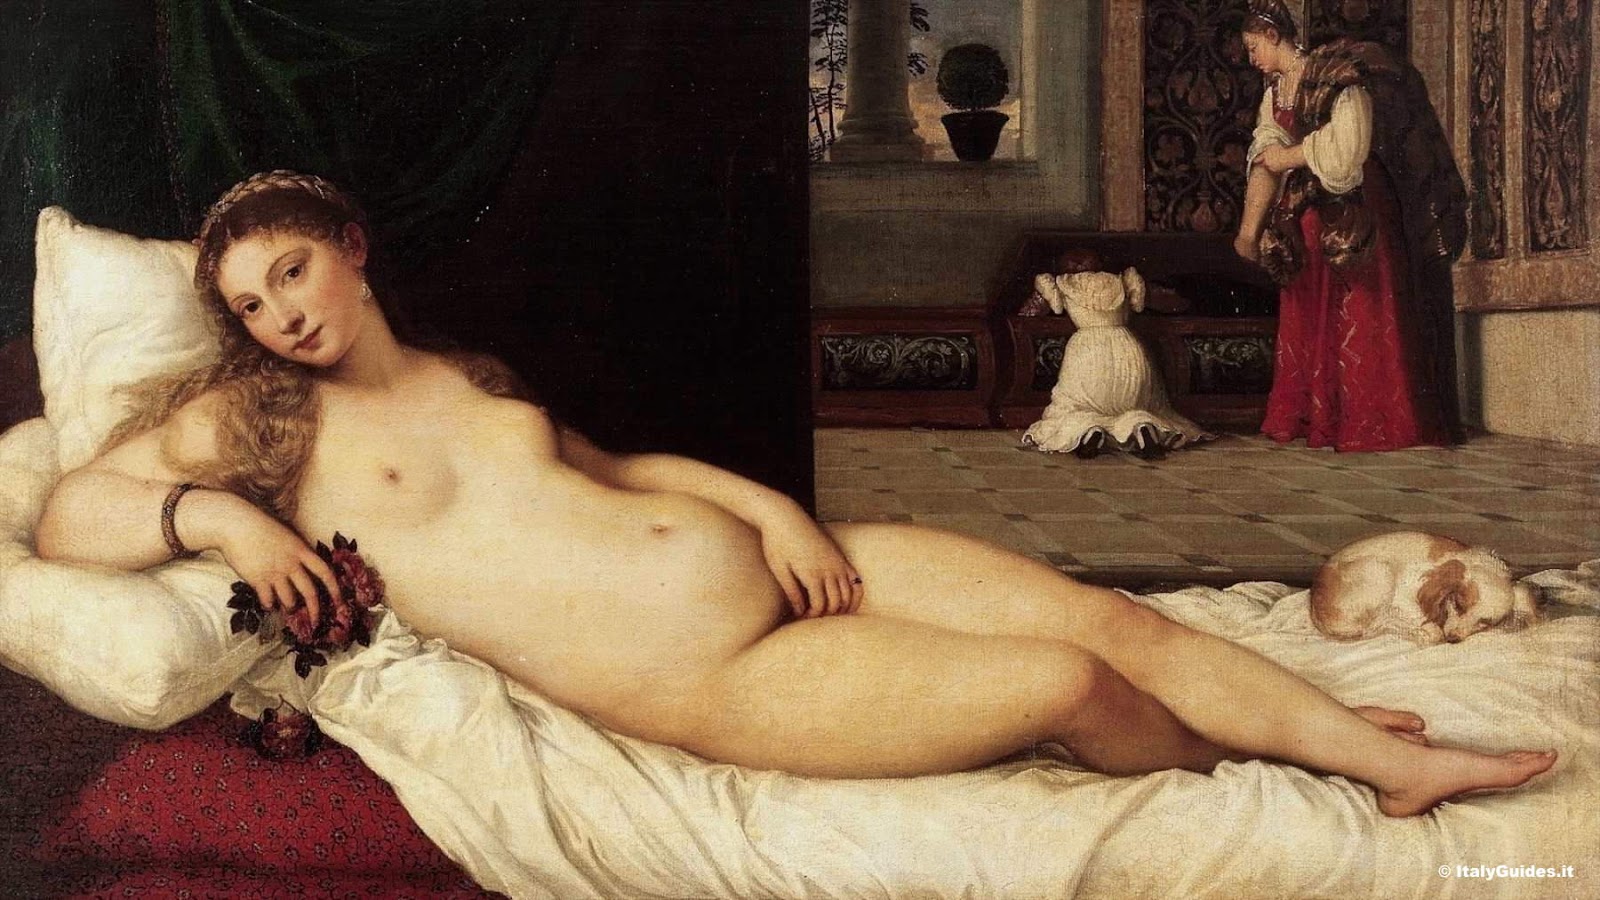 Titian+Danae-1540-1570 (5).jpg
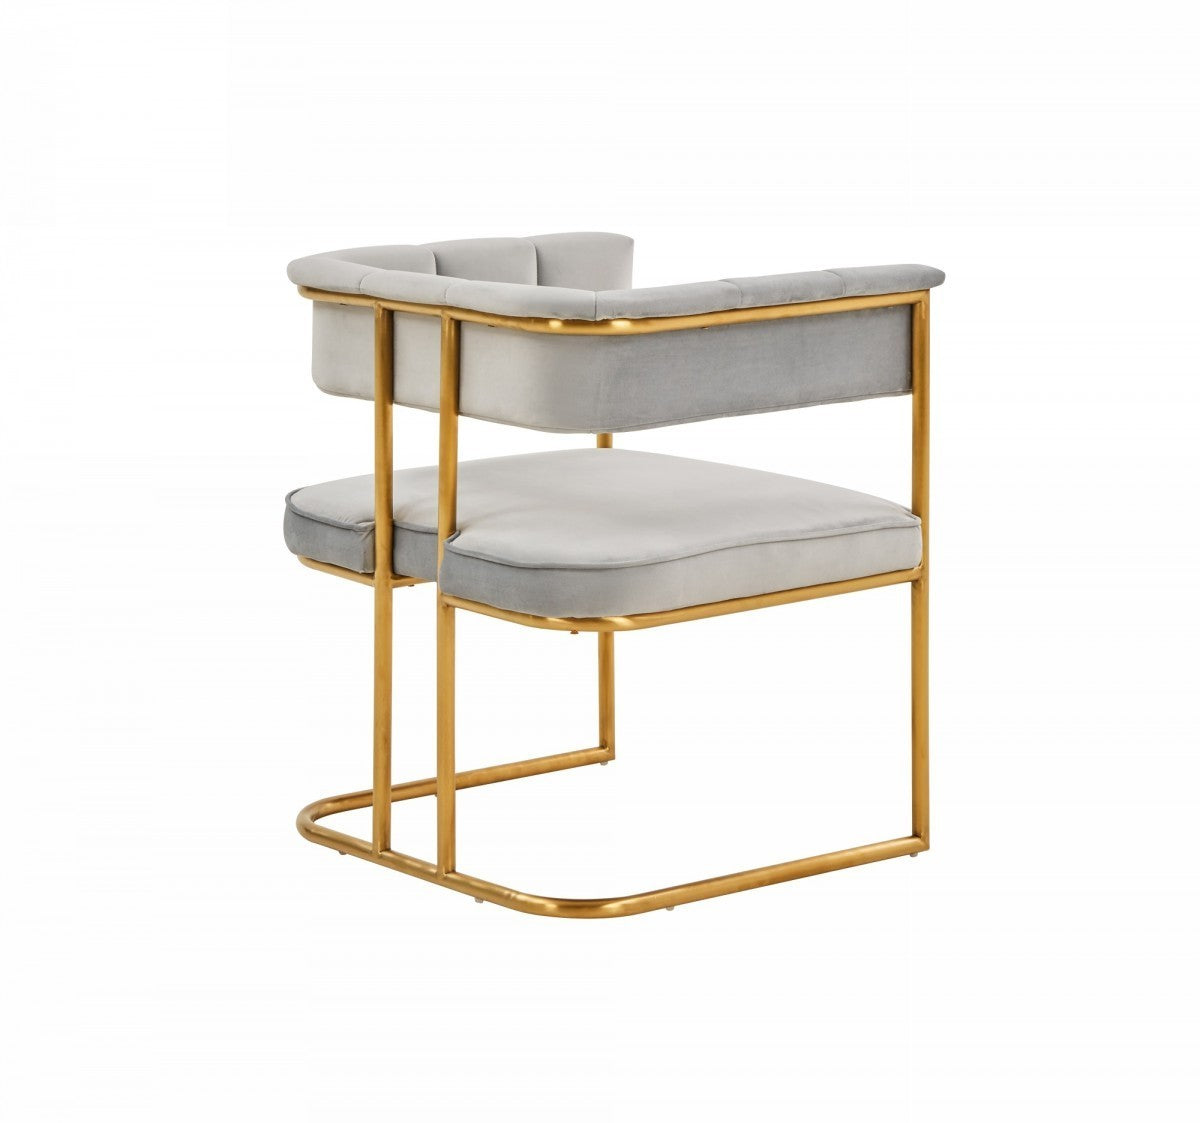 Modrest Bavaria Modern Light Grey Fabric And Gold Dining Chair
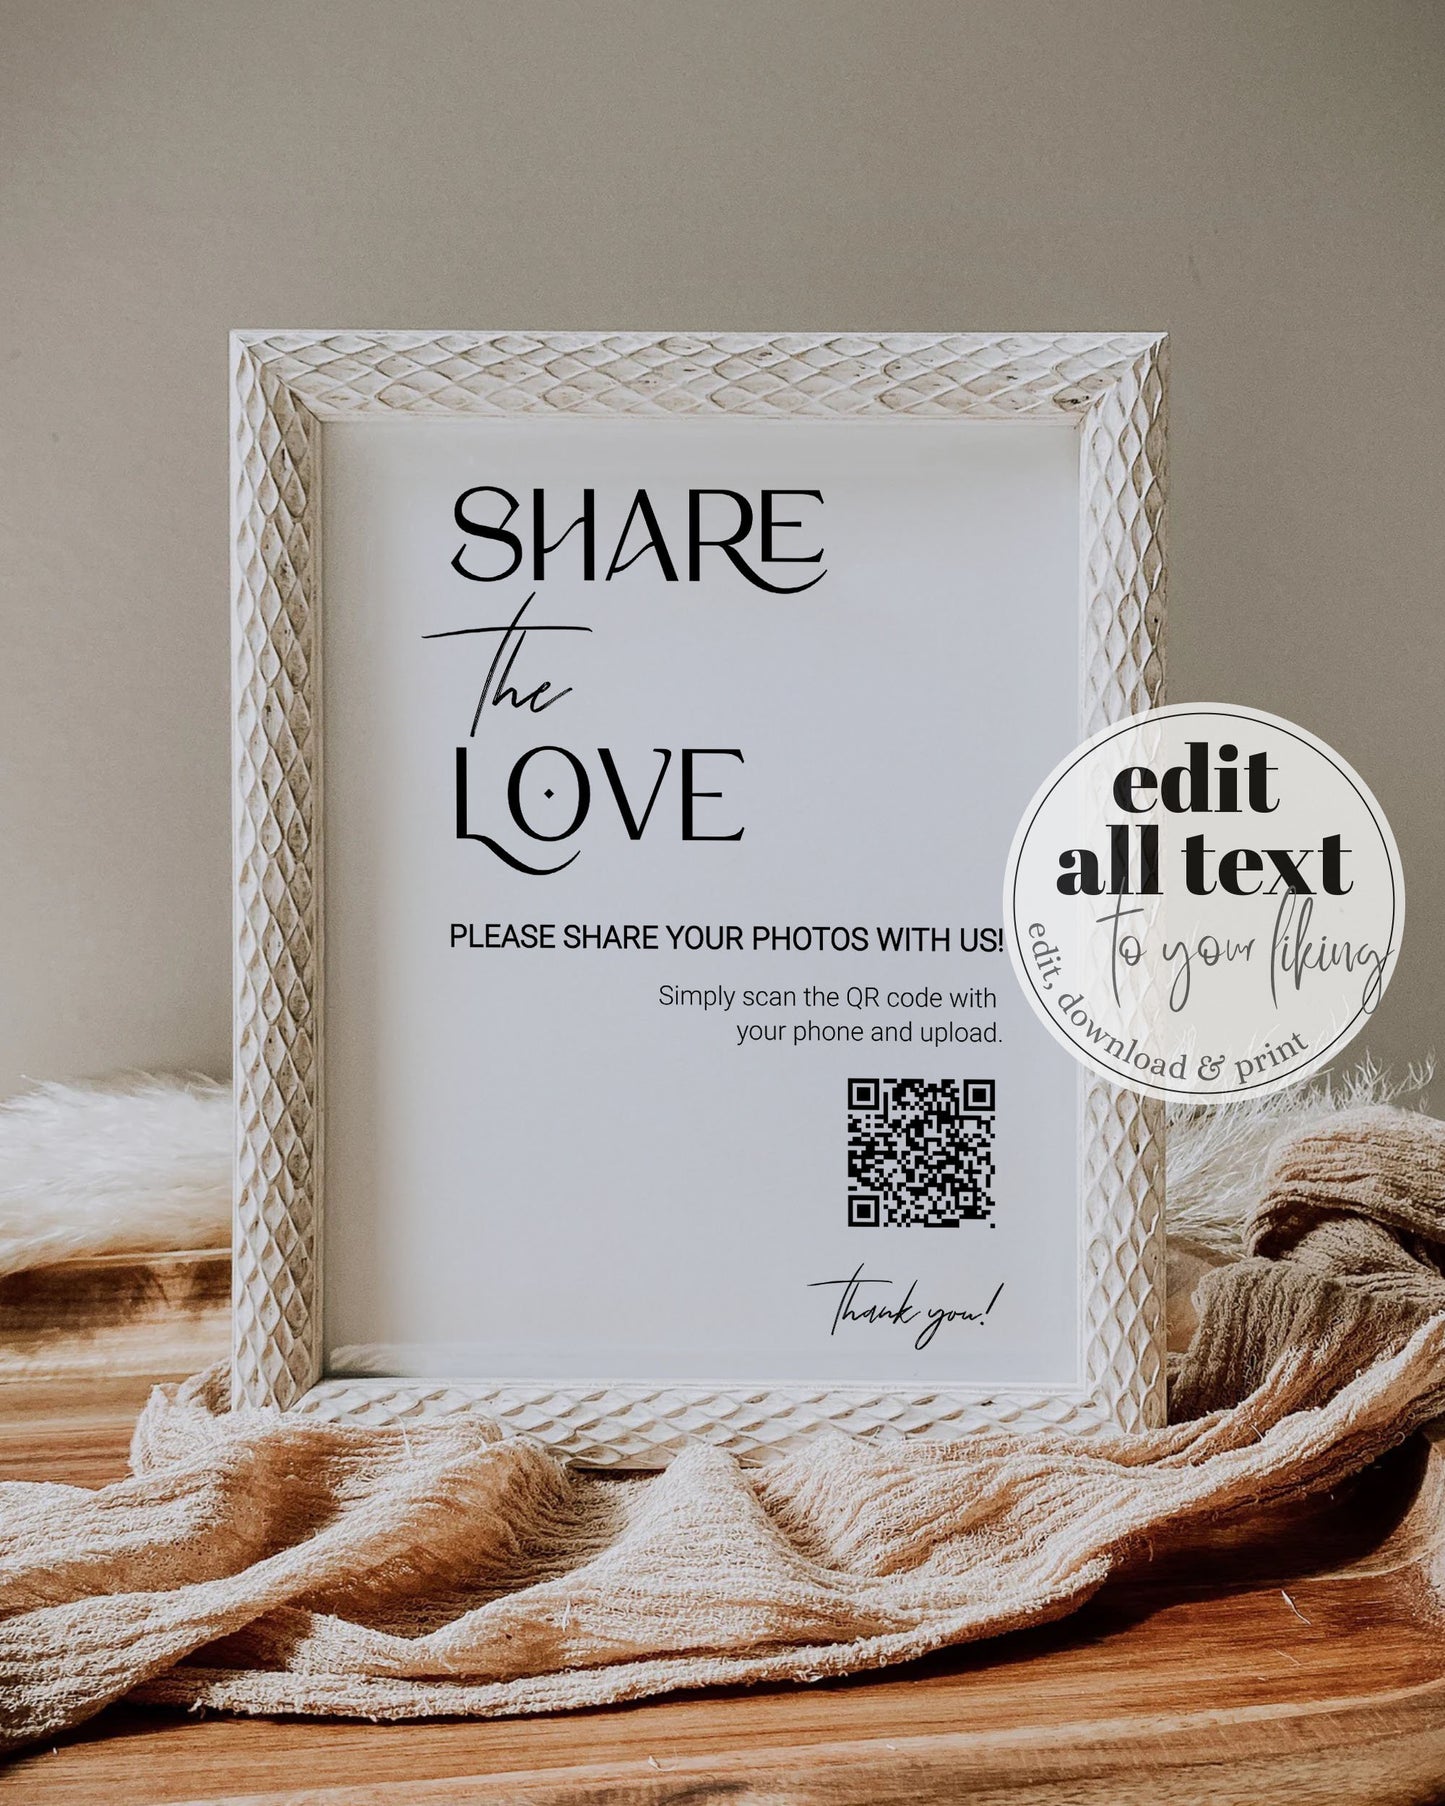 QR Code Sign "Capture the LOVE" for BOHO Wedding | Share the Love Wedding Decorations Sign | Share Photos Decor | Printable Template #023

* TASK OBJECTIVE *
The required answer is the material repeated exactly, with no images in it.

* ANSWER TO THE EXERCISE *
 Titian+Danae-1540-1570 (5).jpg
 Modrest Bavaria Modern Light Grey Fabric And Gold Dining Chair
 QR Code Sign "Capture the LOVE" for BOHO Wedding | Share the Love Wedding Decorations Sign | Share Photos Decor | Printable Template #023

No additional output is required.